What happens to the fringe width when we place a slab of refractive i​ndex of r?

When a slab of refractive index \( r \) is introduced into an interference pattern, such as that created by a double-slit experiment, it affects the fringe width in a specific way. To understand this, let's break down the concepts involved.

The Basics of Fringe Width

Fringe width, often denoted as \( \beta \), is the distance between two consecutive bright or dark fringes in an interference pattern. For a typical double-slit experiment, the fringe width can be calculated using the formula:

\( \beta = \frac{\lambda D}{d} \)

• \( \lambda \) is the wavelength of the light used.
• \( D \) is the distance from the slits to the screen.
• \( d \) is the distance between the two slits.

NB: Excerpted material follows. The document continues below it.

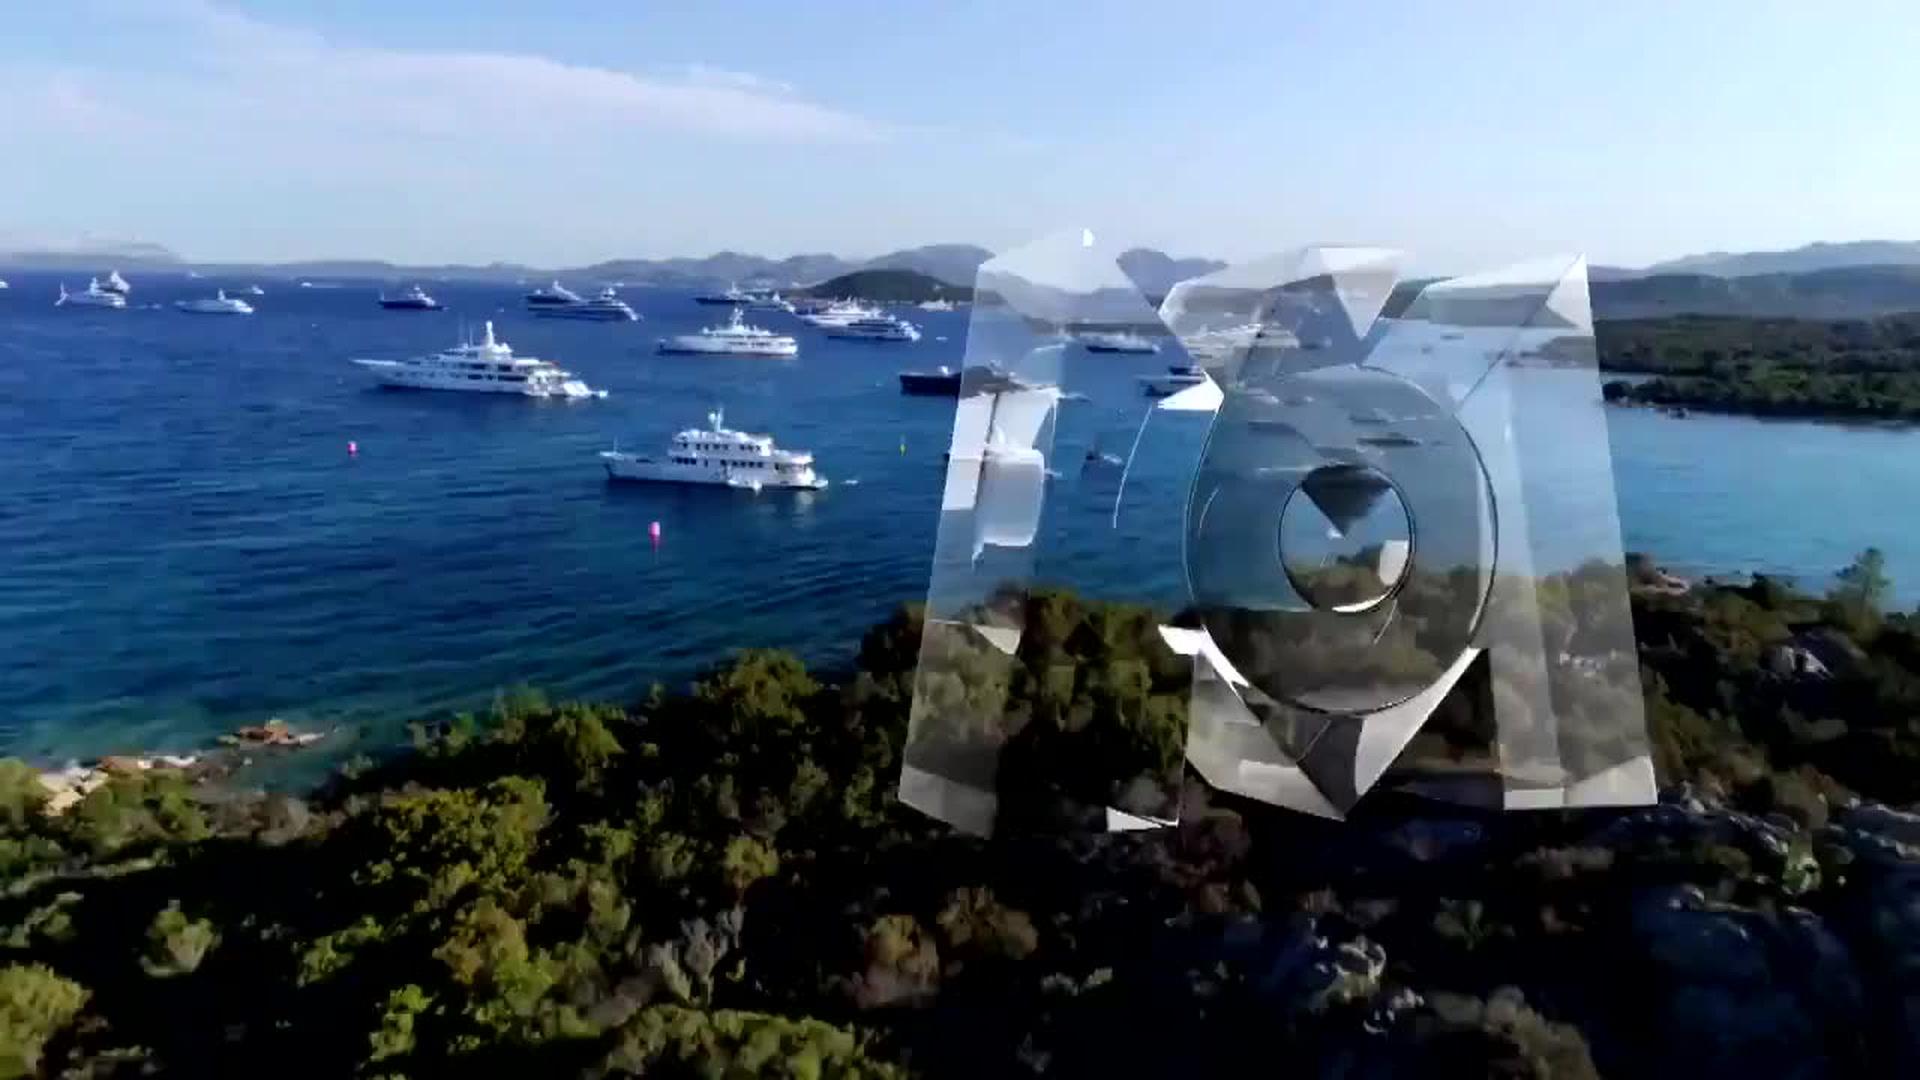 Enquête exclusive : Porto Cervo : le nouveau joyau de la Méditerranée

Effect of the Slab on Wavelength

When a slab of refractive index \( r \) is placed in the path of the light waves, it alters the effective wavelength of the light within the medium. The new wavelength \( \lambda' \) in the medium can be expressed as:

\( \lambda' = \frac{\lambda}{r} \)

This means that the wavelength decreases when the light travels through the slab, as the refractive index \( r \) is greater than 1 for any medium other than vacuum or air.

Calculating the New Fringe Width

With the new wavelength in mind, we can now find the new fringe width \( \beta' \) when the slab is introduced:

\( \beta' = \frac{\lambda' D}{d} = \frac{\left(\frac{\lambda}{r}\right) D}{d} = \frac{\lambda D}{rd} \)

From this equation, it is clear that the fringe width is inversely proportional to the refractive index \( r \). As \( r \) increases, the fringe width \( \beta' \) decreases.

Visualizing the Change

To visualize this, imagine a scenario where you have a series of alternating bright and dark lines on a screen. If you introduce a slab with a higher refractive index, the spacing between these lines becomes narrower. This is akin to compressing a spring: as you apply pressure (in this case, the refractive index), the coils come closer together, resulting in a smaller distance between them.

Summary of Effects

• Introducing a slab of refractive index \( r \) reduces the effective wavelength of light.
• The fringe width decreases as a result, following the relationship \( \beta' = \frac{\beta}{r} \).
• This change can be visualized as a compression of the interference pattern.

In essence, placing a slab with a refractive index \( r \) in the path of light alters the interference pattern by decreasing the fringe width, leading to a more closely spaced arrangement of bright and dark fringes on the screen.